**Work request:** Retype all of the listing exactly, passing over any picture you find.

**Collected material:**

========================

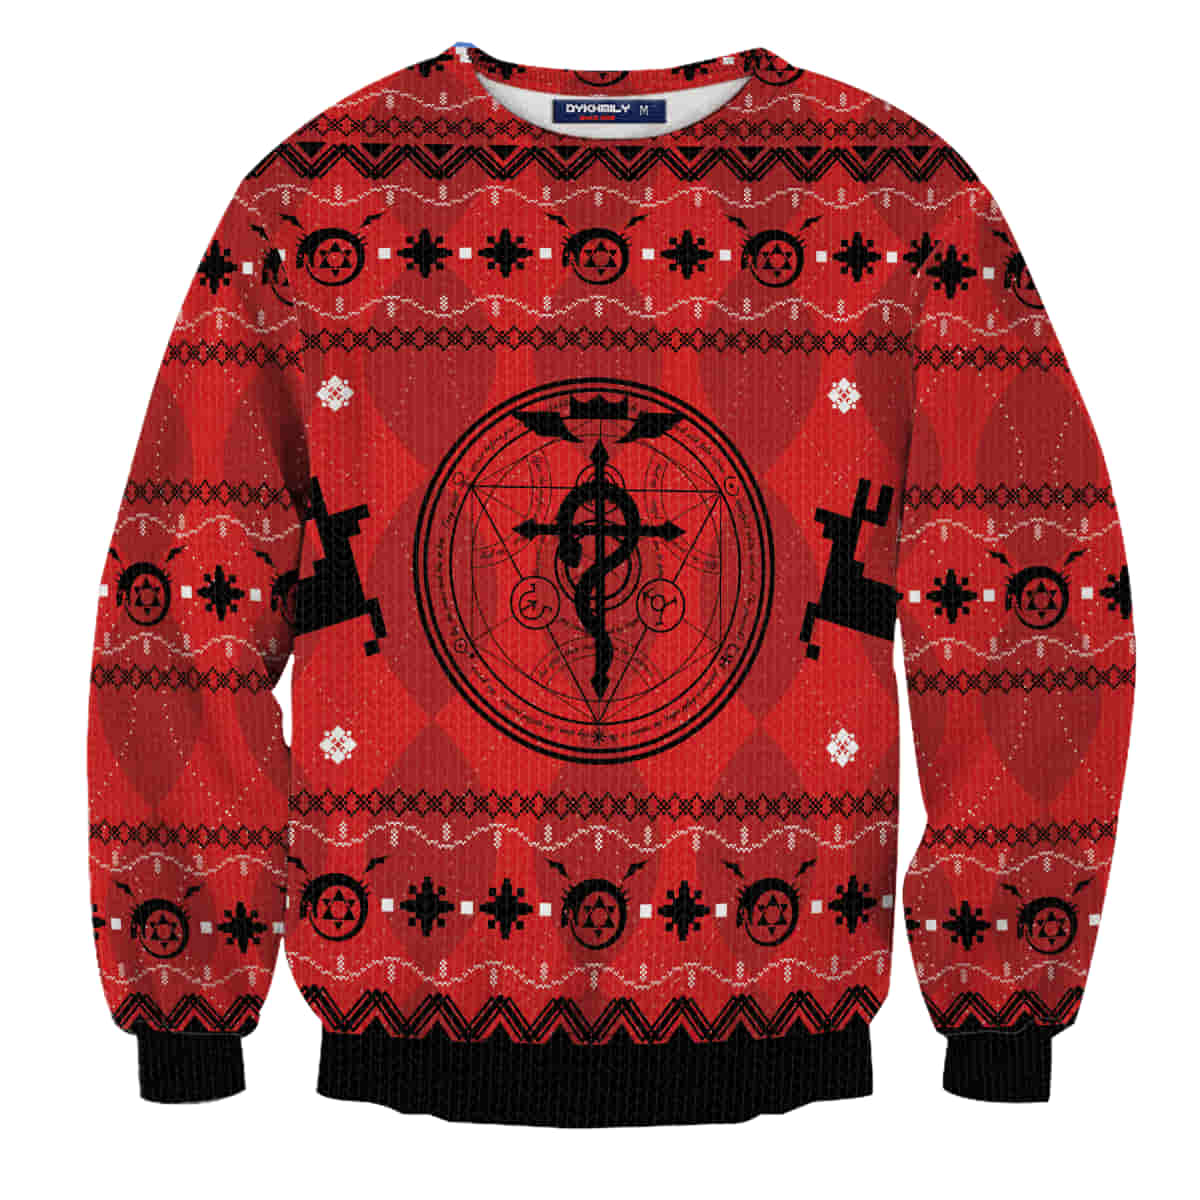 Fullmetal Alchemist Christmas Wool Knitted Sweater
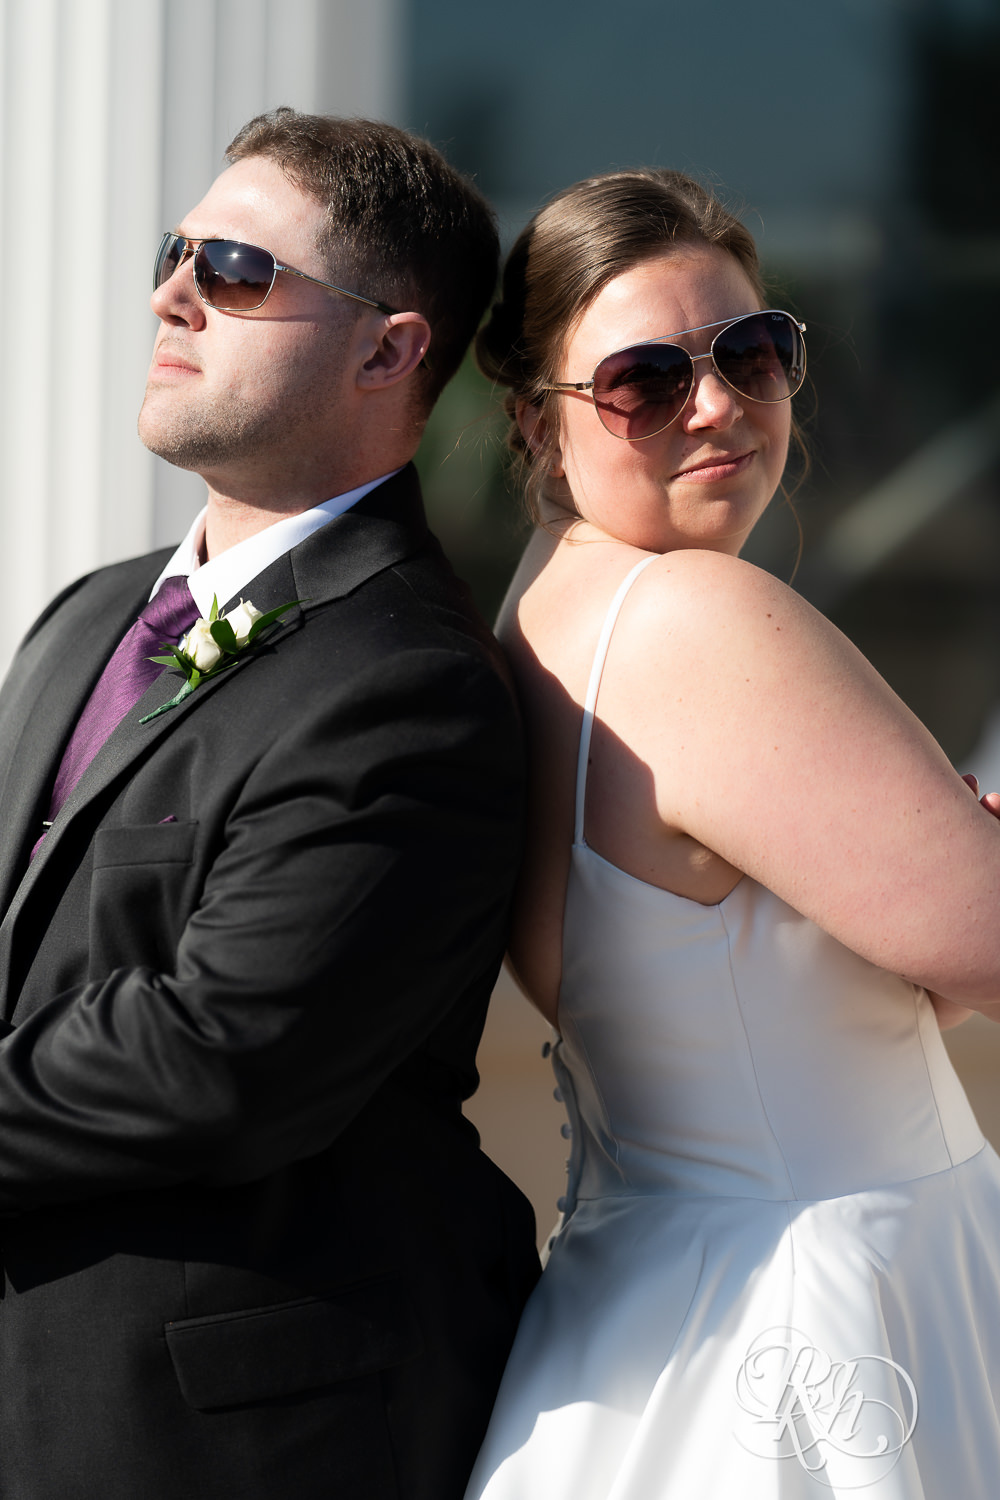 Bride and groom wearing sunglasses at wedding at Como Zoo in Saint Paul, Minnesota.
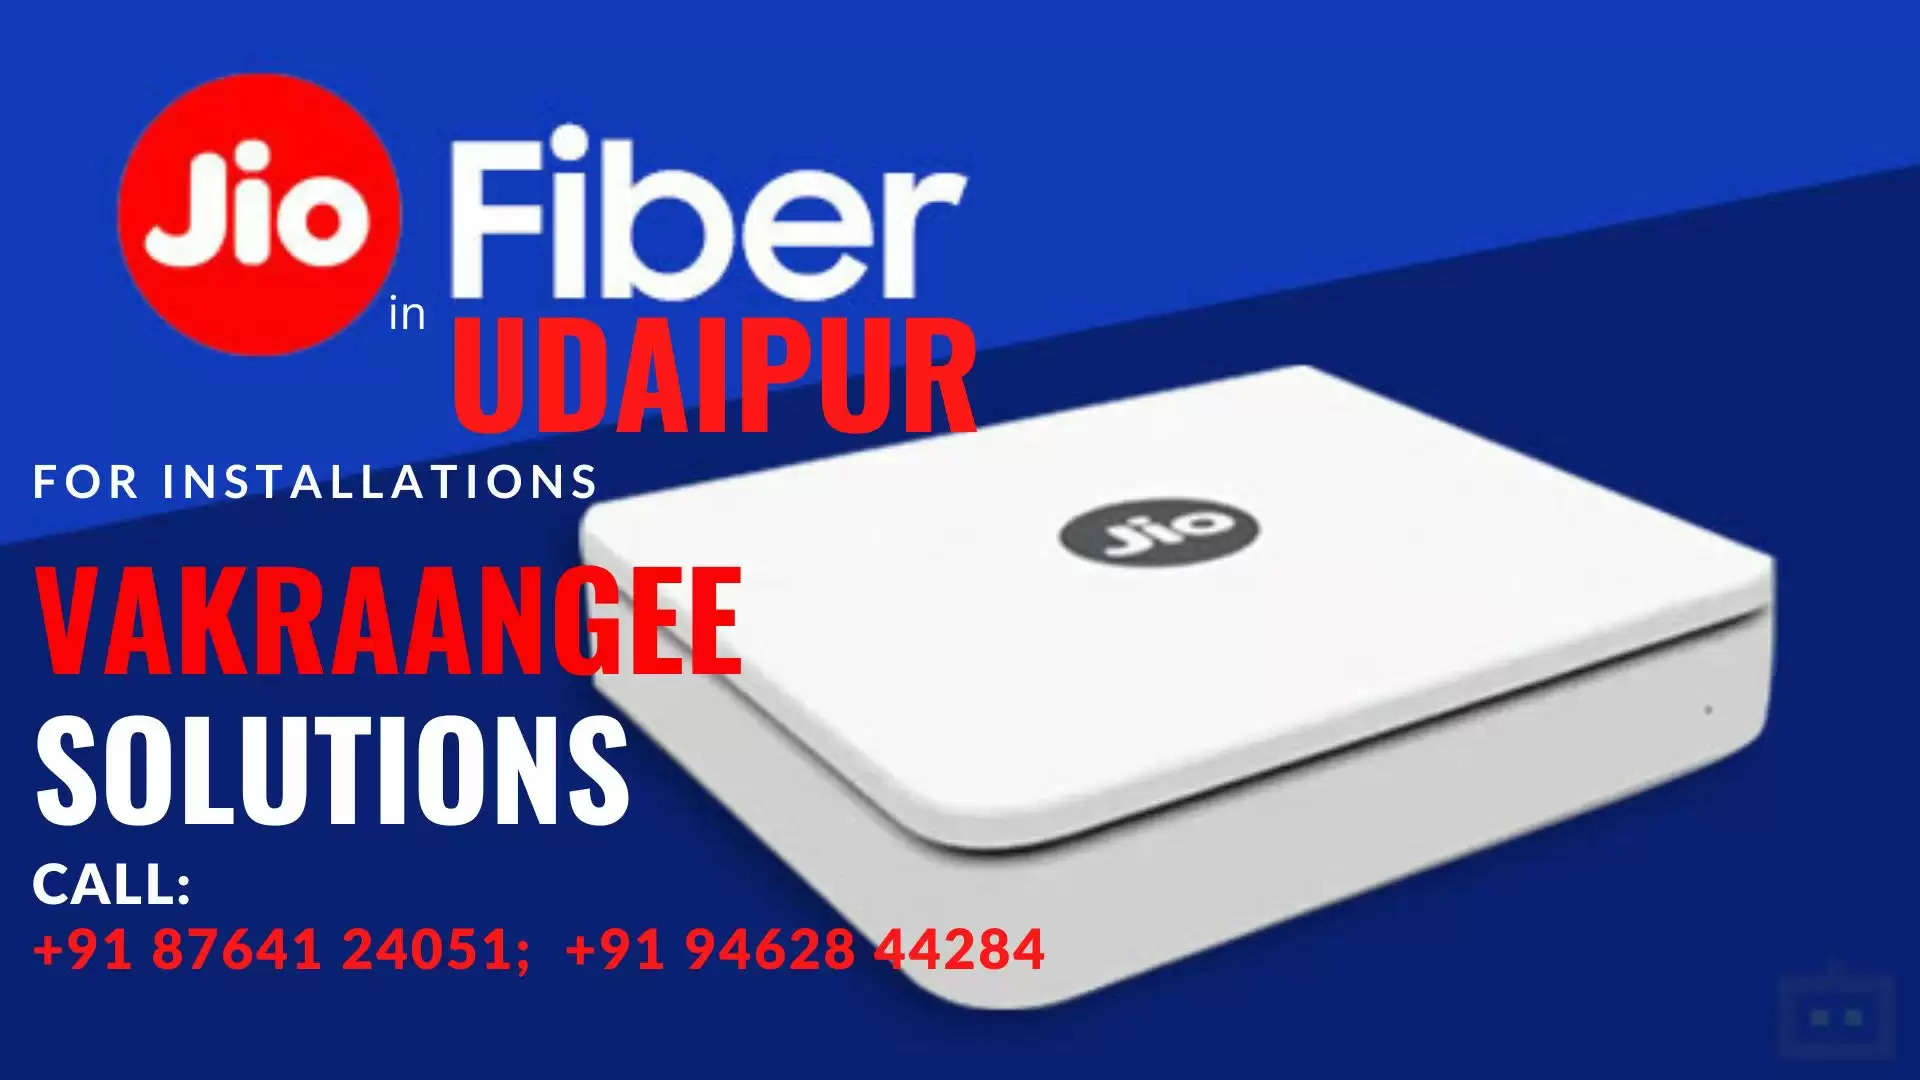 Jio Fiber in Udaipur, Jio Fiber installation in Udaipur, who does Jio Fiber Installation in Udaipur, Contact no for Jio Fiber Installation in Udaipur, Jio Fiber Plan in Udaipur

========================

**Problem solution:**
 Fullmetal Alchemist Christmas Wool Knitted Sweater
 Bride and groom wearing sunglasses at wedding at Como Zoo in Saint Paul, Minnesota.
 Jio Fiber in Udaipur, Jio Fiber installation in Udaipur, who does Jio Fiber Installation in Udaipur, Contact no for Jio Fiber Installation in Udaipur, Jio Fiber Plan in Udaipur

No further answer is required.